Astronomy Picture of the Day
October 17, 2012

Curiosity's First Decontamination Exercise - Sol 64
Curiosity's First Decontamination Exercise - Sol 64

Credits: NASA/JPL-Caltech - MER and Lab. Curiosity - Credits for the additional process.: Dr Paolo C, Fienga/Lunar Explorer Italia/IPF

In this frame, the Scoop located on the Robotic Arm of the NASA - Mars Exploration Rover - Mars Laboratory "Curiosity" shows the larger Soil Particles that were too big to filter through a Sample-processing Sieve that is porous only to particles less than 0,006" (---> inches, such as approx. 150 microns) across. After a full-scoop sample had been vibrated over the Sieve, this held-back portion was returned to the Scoop to be accessible for inspection by the Rover's Mast Camera. The image is part of the first "decontamination exercise" by the Collection and Handling for In-Situ Martian Rock Analysis (CHIMRA) Tool, that is positioned at the end of the Rover's Robotic Arm, and which includes the Scoop, the Sieve and other components.

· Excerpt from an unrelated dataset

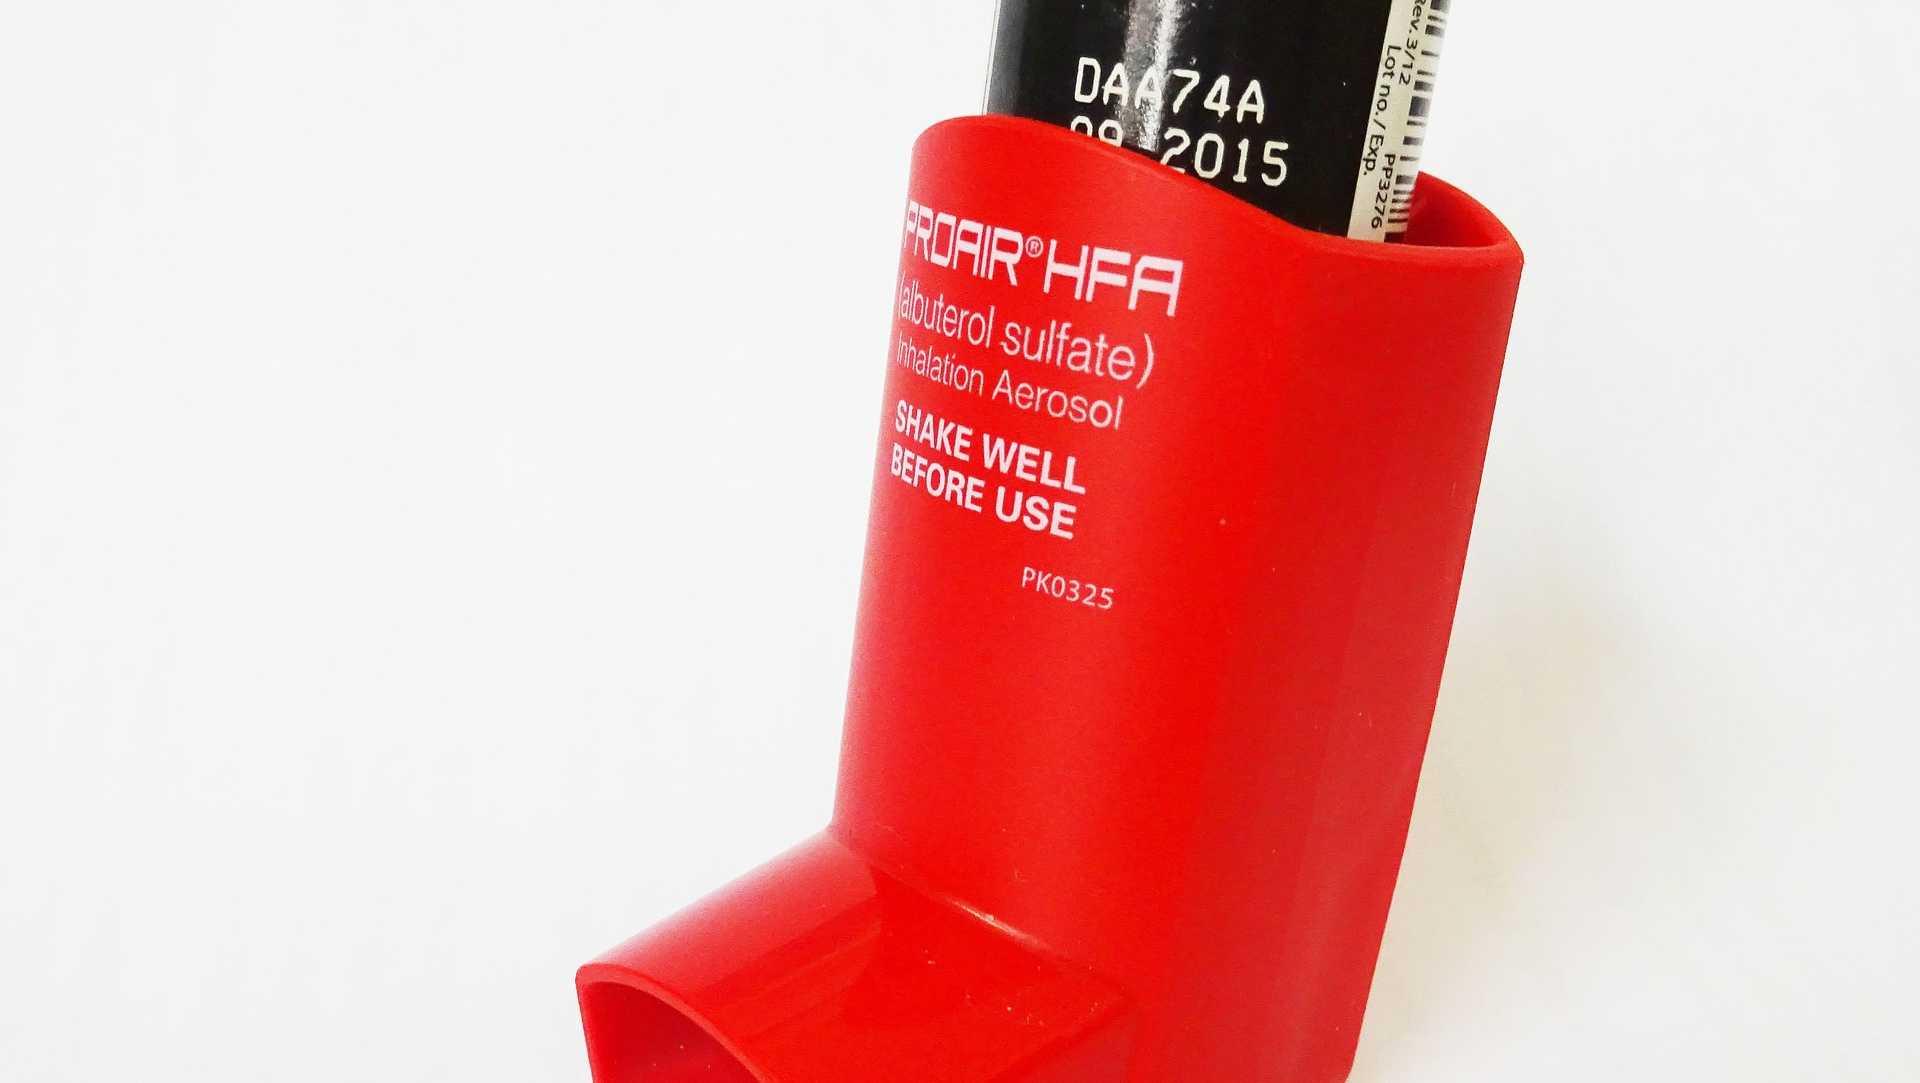 File image of an inhaler

The decontamination exercise involved scooping some Soil, shaking it thoroughly inside the Sample-processing Chambers (so to scrub the internal surfaces), putting it through a Sieve, dividing it into the appropriate portions and then discarding the sample. This process will be repeated 3 (three) times. The rinse-and-discard cycles serve a quality-assurance purpose similar to a common practice in geochemical laboratory analysis on Earth. This image was taken by Curiosity's right Mast Camera (MastCam-100) on October 10, 2012, which was the 64th Sol, or Martian day, of operations at Gale Crater.

This picture (which is an Original NASA - Mars Exploration Rover - Mars Laboratory "Curiosity" white-balanced color frame published on the NASA - Planetary Photojournal with the ID n. PIA 16194) has been additionally processed and then re-colorized in Absolute Natural Colors (such as the colors that a human eye would actually perceive if someone were near the NASA - Mars Exploration Rover (MER) - Mars Laboratory "Curiosity" and then looked down, towards the Surface of Gale Crater - Mars), by using an original technique created - and, in time, dramatically improved - by the Lunar Explorer Italia Team. Different colors, as well as different shades of the same color, mean, among other things, the existence of different Elements (Minerals) present on the Surface of Gale Crater, each having a different Albedo (---> Reflectivity) and Chemical Composition.